Únicamente me dejaba ver los lunes por la mañana, iba a contracorriente del resto de la humanidad, todos esos pobrecitos, comunes y vulgares mortales que ahora tanto detestaba. Porque todo había cambiado mucho, no solo yo. Ahora el barrio ya no ofrecía el encanto de antes, solamente lo disfrutaba cuando lo habitaban los vecinos del barrio, cuando los fruteros, pescaderos, barmans y repartidores trabajaban a destajo intentando tener todo listo y dispuesto para que por la tarde empezara la función.
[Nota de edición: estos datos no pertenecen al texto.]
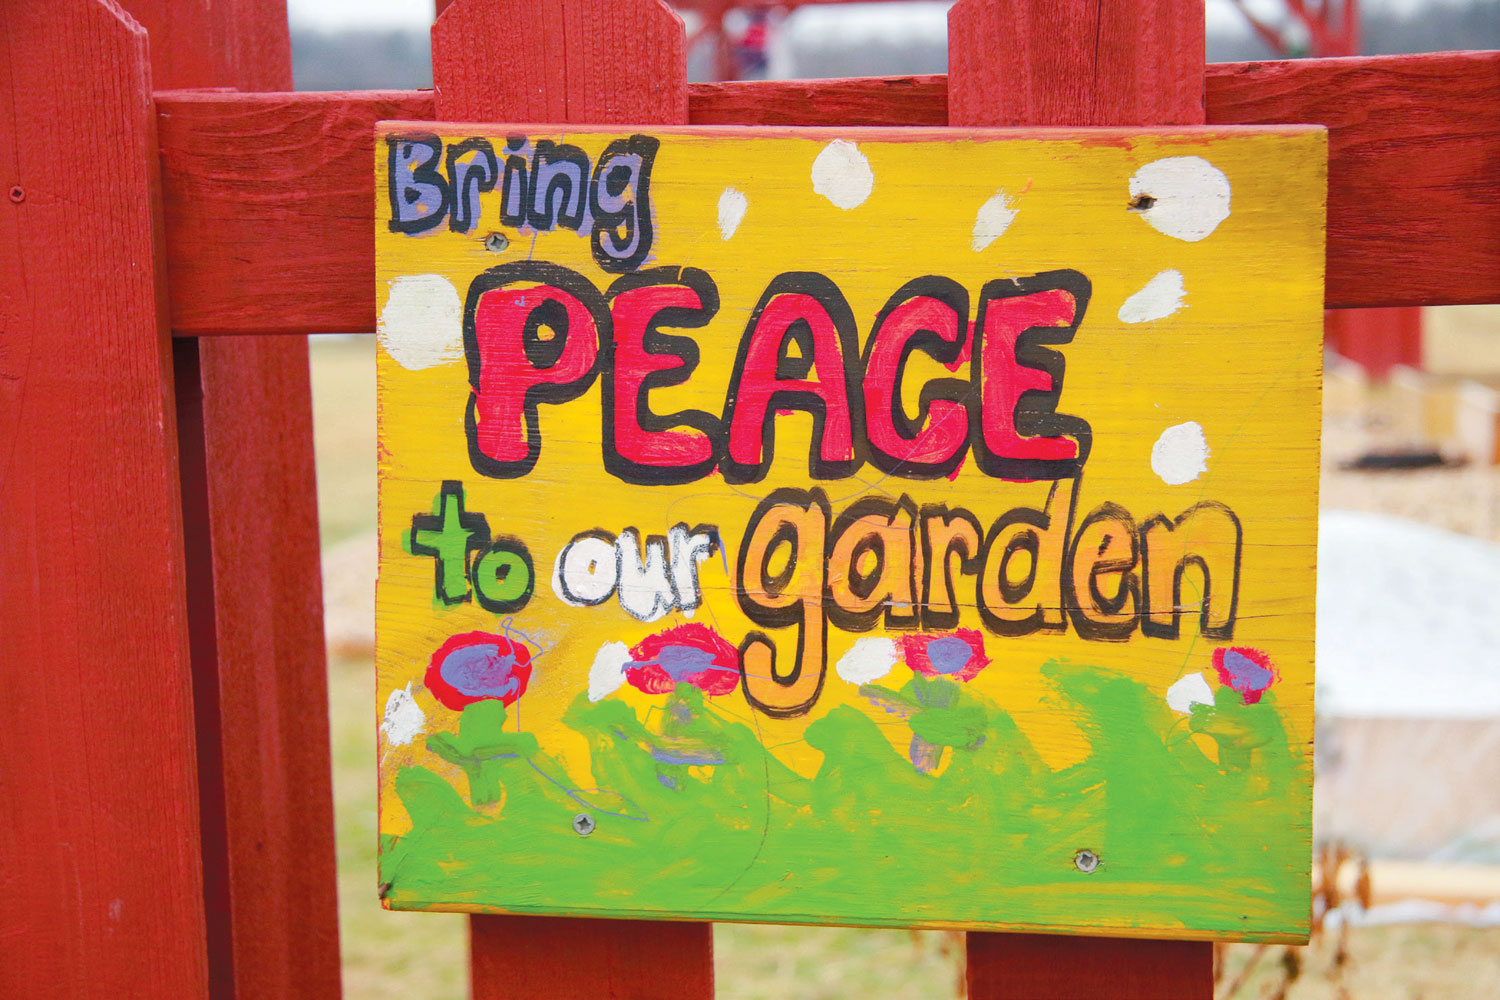 Bring peace to our garden
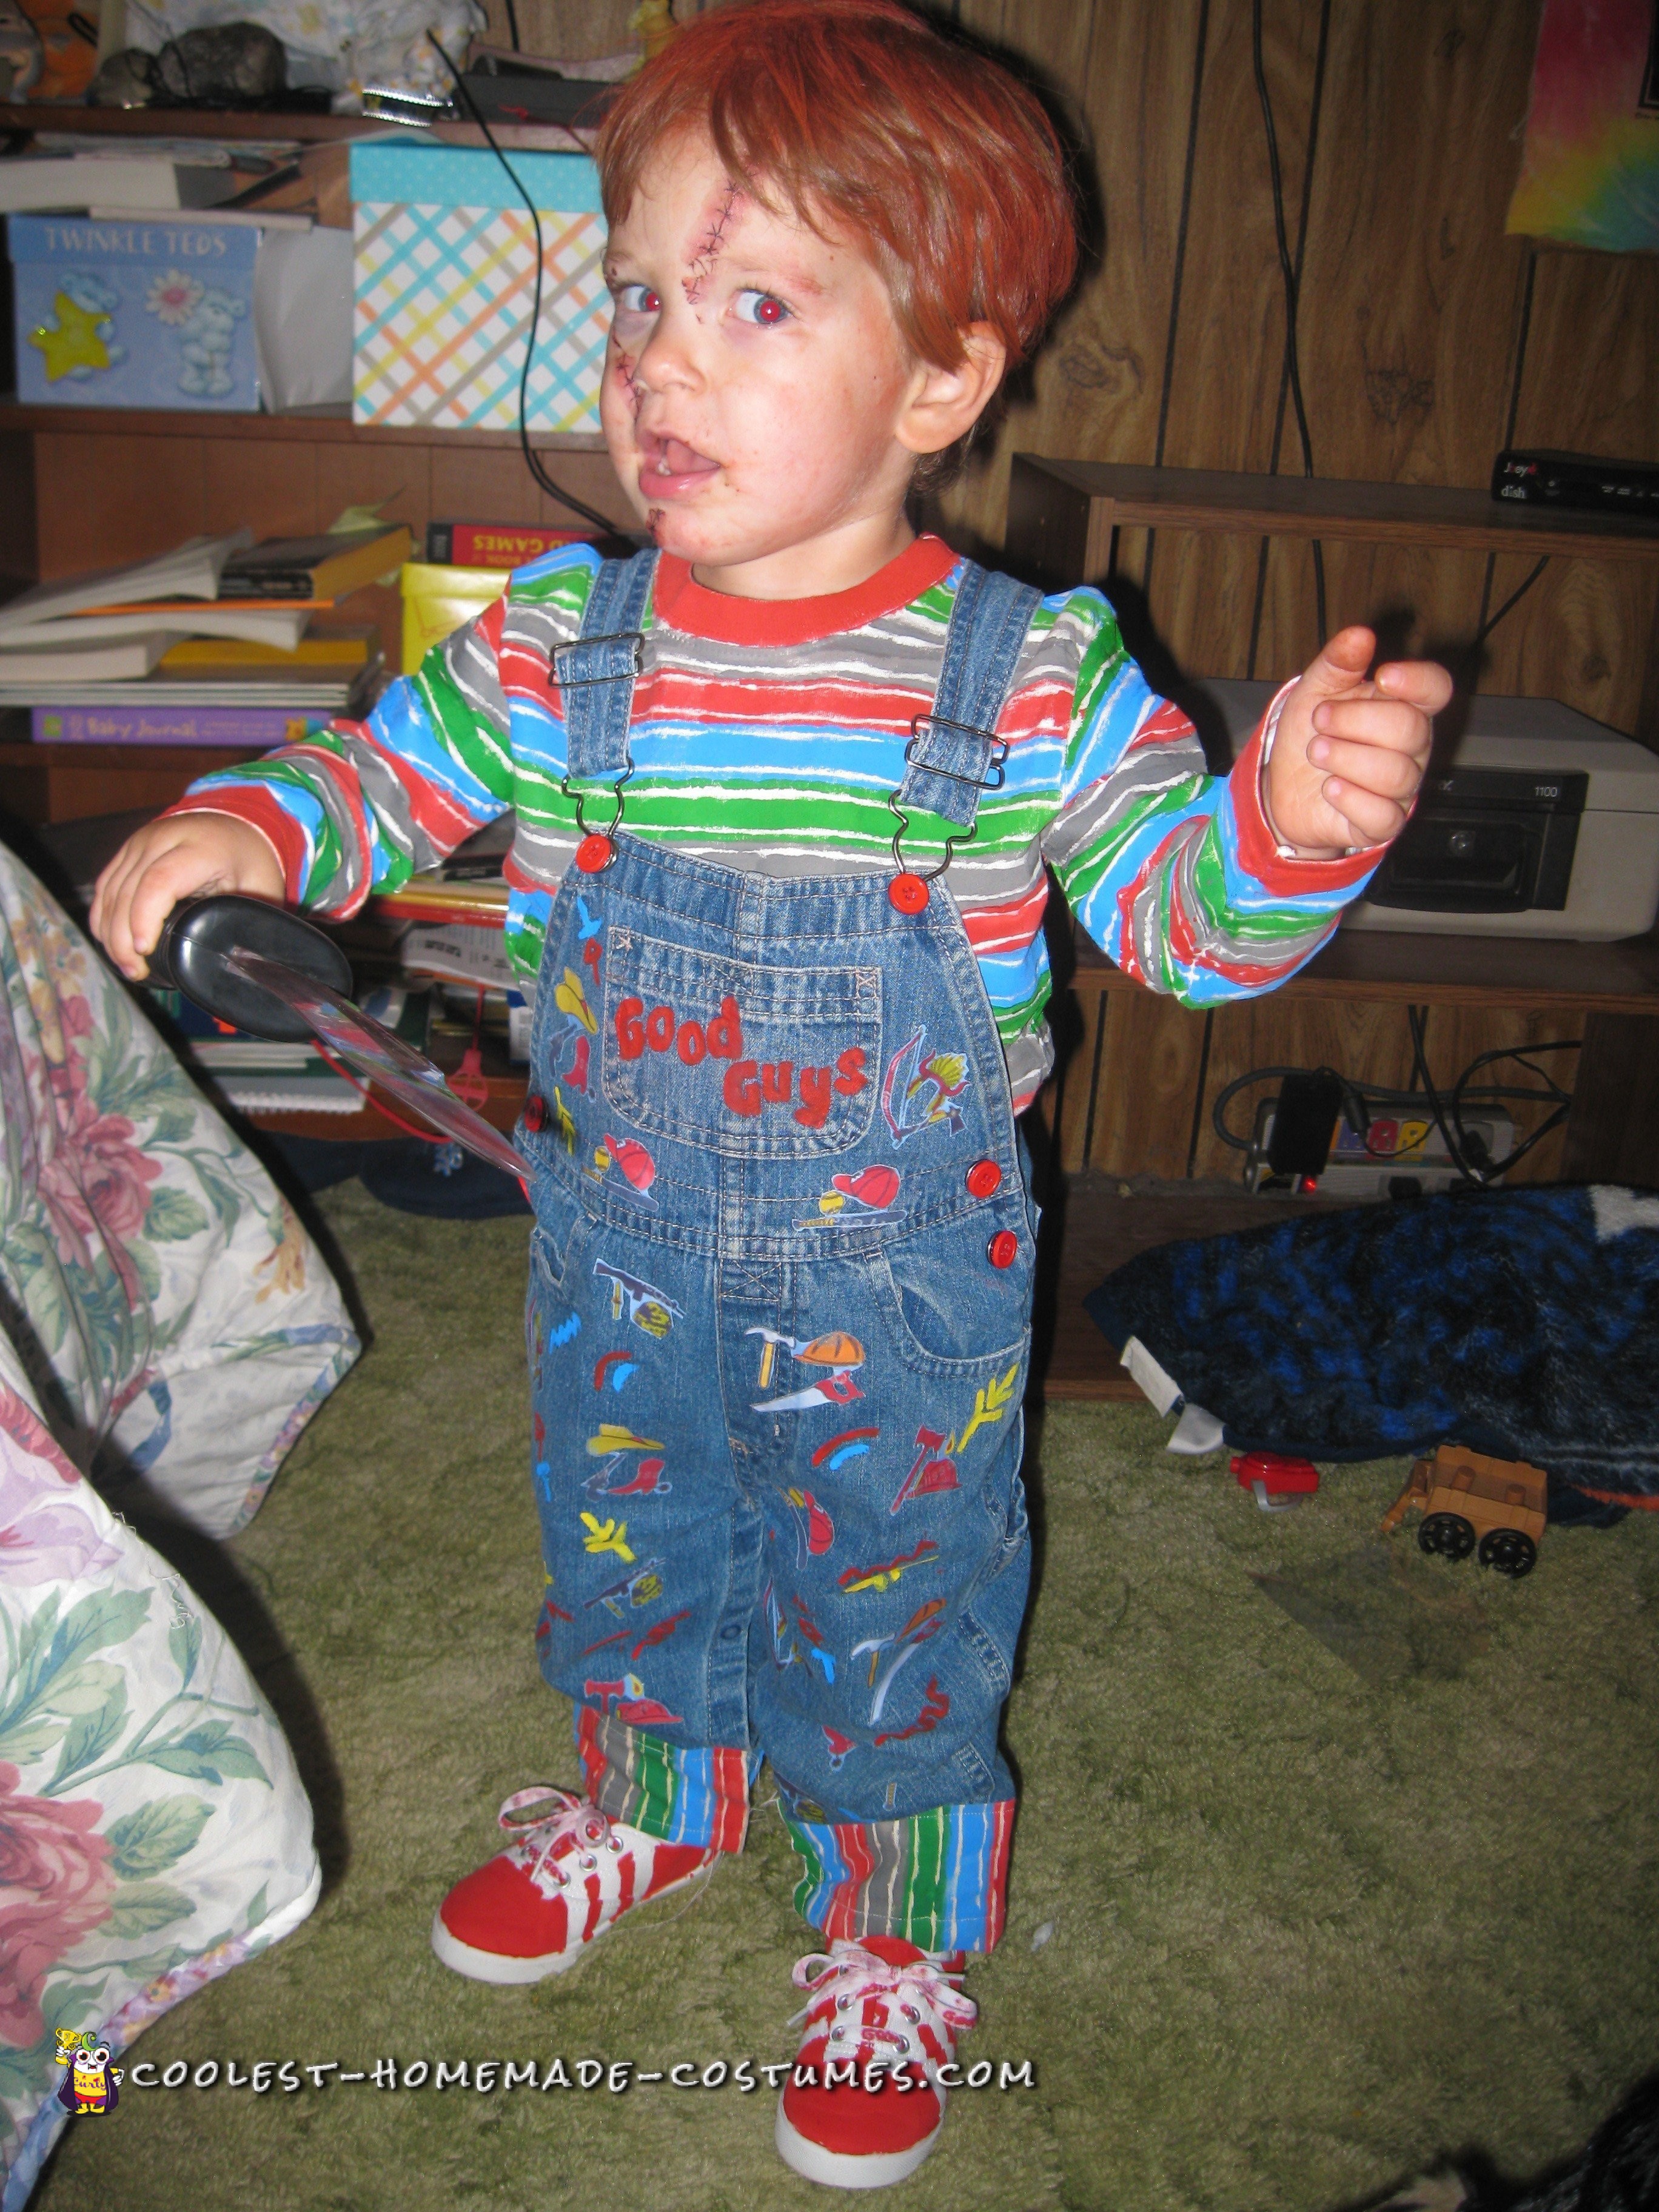 https://www.coolest-homemade-costumes.com/files/2015/11/awsome-chucky-costume-for-2-year-old-boy-145728.jpg

Era entonces cuando aparecían los personajillos de la farándula, las niñas alternativas de marca y los treintañeros guapitos de peluquería para lucir palmito en El Viajero y en las escaleras y terrazas donde confluyen las dos cavas; y los politicuchos de tres al cuarto, o el futbolista de moda, incluso el Borbón de turno, dejándose ver los primeros, y deslizándose sigilosamente el monarca, con nocturnidad, por Casa Lucio. Toda esta función, como si de una obra de teatro se tratara, se repetía sin parar, día tras día, durante todo el año. Daba igual si hacía frío o calor; las tabernas, bares y restaurantes siempre llenos, y en la calle los Cayenes, Bemeuves o Mercedes ocupando media calle y parte de la acera; porque claro, nada de metros, autobuses o taxis, hay que lucir también los carruajes: todo forma parte de la función. Yo también formaba parte de eso. Pero ahora lo detestaba. La edad, los avatares que te van golpeando, quizá también los excesos, terminan cambiando la percepción de las cosas, de la gente que te rodea, del sitio donde vives. Ahora mi barrio lo era solo algunas mañanas; después, no salía de casa hasta bien entrada la noche. Para ser feliz solo necesitaba postrarme en el butacón de mimbre y ver pasar el tiempo desde mi pequeña terraza sobre las cavas; contemplar el sol apagándose sobre la Almudena y San Andrés, observando el reflejo de sus rayos en los ventanales de las cúpulas y a la gente moviéndose dentro y fuera de sus casas, igual que hacía James Stewart en La ventana indiscreta, pensando con nostalgia en otros tiempos mejores.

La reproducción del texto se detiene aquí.